子供は親の世代が生きた経験を自分が生き直すべきなのか、すでに生きられた経験から何を学ぶことができるのか。普通、父と子の関係というのは、親父が「息子よ、俺の経験からいって、俺はこれこれこういうことを知っているから、お前はこうするべきだ」と始まる。だが私は、「我々がやってしまったことのこのひどい結末を見ろ」という立場にいる「お前は自分の道を自分で見つけなければならない」とね。同時に、私も私なりの経験があり、その知恵は伝えたい。だからこの関係にはまだ豊かな鉱脈があり、まだ私がその可能性を探り尽くしたとは思っていない。新しい映画でもまた始めようと思っている。
Q『マント』で息子的人物に当たる少年は、父親像にあたるあなたの人物よりも実は強いし、あなたたちが世界をめちゃくちゃにしたが、我々が戻ってくる、と言いますね。
まあね、それは・・・それは本当だと思う。これからがもう我々の世界ではなく、君たちの世界であることを期待している。ただしまだ確信は持てんがね(笑)。
この10年、ないし12年で世界は大きく変わったはずだが、実はなにも変わっていないのか…。12年前の「説教親父」の言葉は今でも十二分に有効に思える。
説教親父…と未だについ冗談めかして言ってしまうのには、上に一部を引用した4時間に及ぶインタビューというか大説教(笑)以外にもわけがある。
このときの来日の後、クレイマーは二本の日本で撮る企画を考え始めた。その一本は戦後間もなく広島に軍医として駐留した父のことからインスパイアされた『Ground Zero』というかなりの大作。もう一本がとてもパーソナルな製作規模で日本の若者の現実をドキュメンタリーとジャン・ジュネにインスパイアされた象徴的なフィクションのあいだのスレスレの一線上で撮ろうとする野心作『Lust For Life』。
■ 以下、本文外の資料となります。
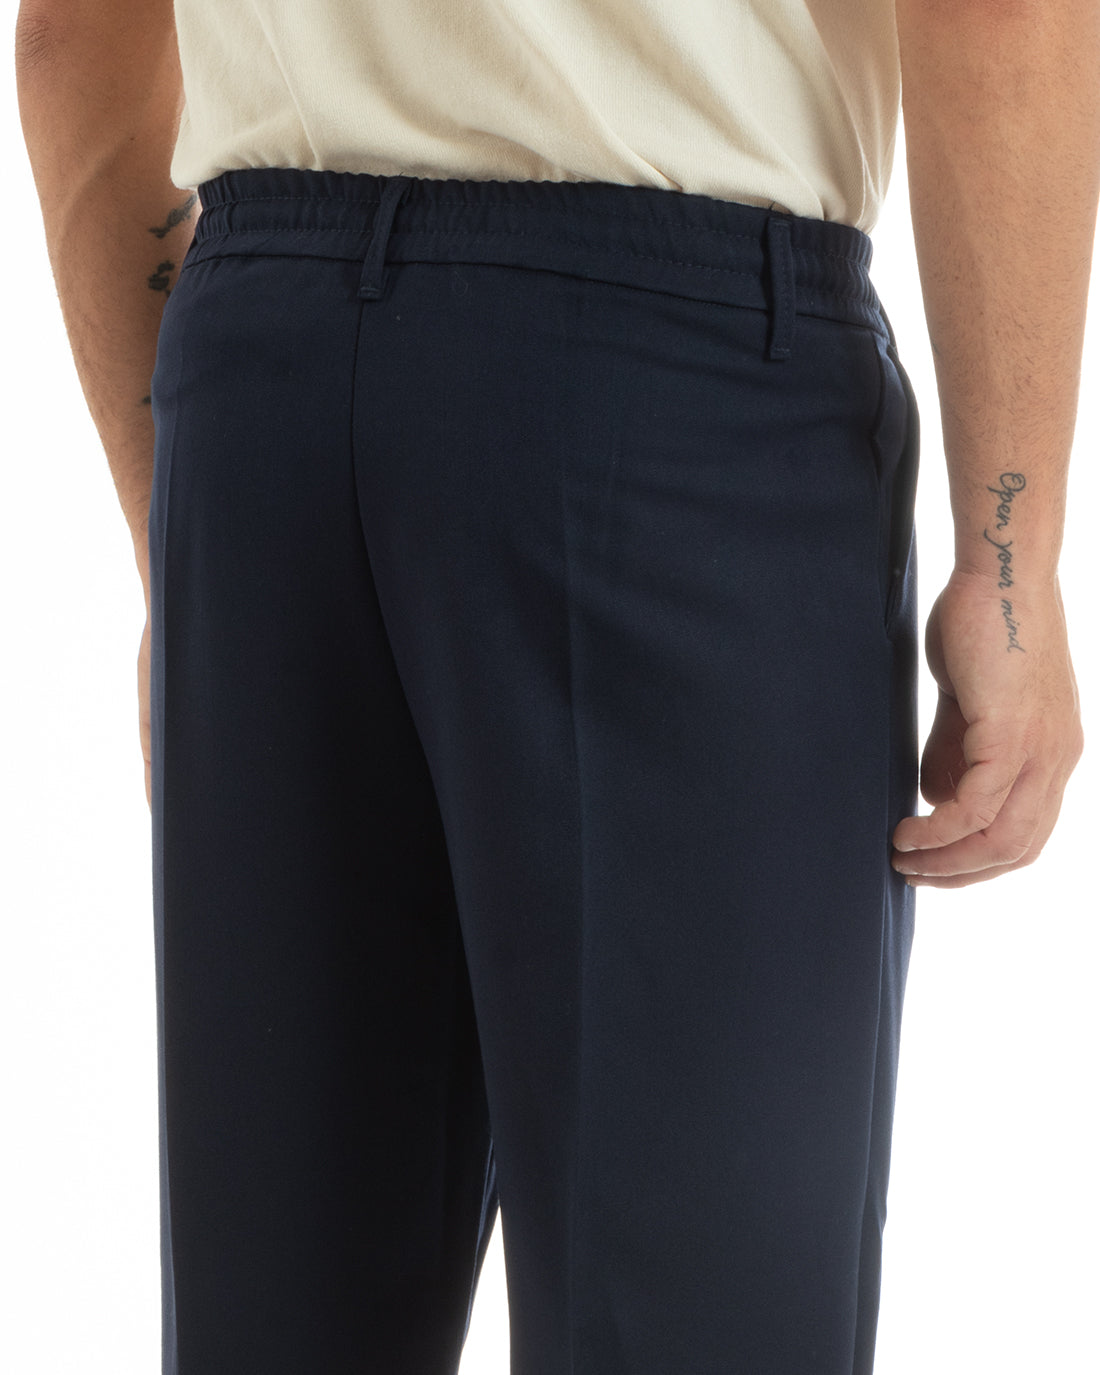 Pantaloni Uomo Baggy Lungo Fondo Largo Elastico Sul Retro Abbottonatura Allungata Blu Casual Elegante GIOSAL-P5916A

実はこの企画のシノプシスで、初老の画家の「ユキオ」(もちろん三島を意識しての名前だと思うが)とはクレイマー自身のことであり、「The Boy」は僕がやることになっていて、二人がそれぞれにキャメラを持って二人の主観ショットだけの映画にする、という斬新というかめちゃくちゃなアイディアの映画だった(当時もスチル写真はやってたので、鍛えりゃムーヴィーも出来るだろうということらしい)。当時はまだ「自分は映画なんてまだまだ撮れるほど成長した人間ではない」と思っていて批評とインタビュー取材ばかりやっていたのが、まず「お前は映画批評なんて世界の動きから一歩引いた立場に居続けてはいけない」とかなんとかさんざん説教され…。って、でもすぐに「じゃあ頑張るわ」と言ってしまっていたわけなのだが。
1998年ごろにはずいぶんやりとりをして、時にはクレイマーから見て僕が言ったことの考えが足りないと思ったところを容赦なく、プリントアウトしたら5枚に及ぶ大長文で緻密に分析かつ指摘されたり。「説教親父」の面目躍如と言ったところだが、そんな体験が大変だけど面白過ぎて準備してたのが、ロバートがその遺作になった『平原の都市群』の編集中に突然倒れ、わずか一週間後に帰らぬ人になってしまったのが10年前の11月10日だった。
それから10年、世界は変わったのか? たぶん今みたいにSkypeとかあったら、長文の説教が届くよりももっと大変だったかも知れないけど…。でも『Lust For Life』が撮影にも入れなかったのは今もって心残りなことではある。
2001年の「ロバート・クレイマー特集」会場で、バール・フィリップスと筆者。バールはその後筆者のデビュー作『インディペンデンス』の音楽を担当。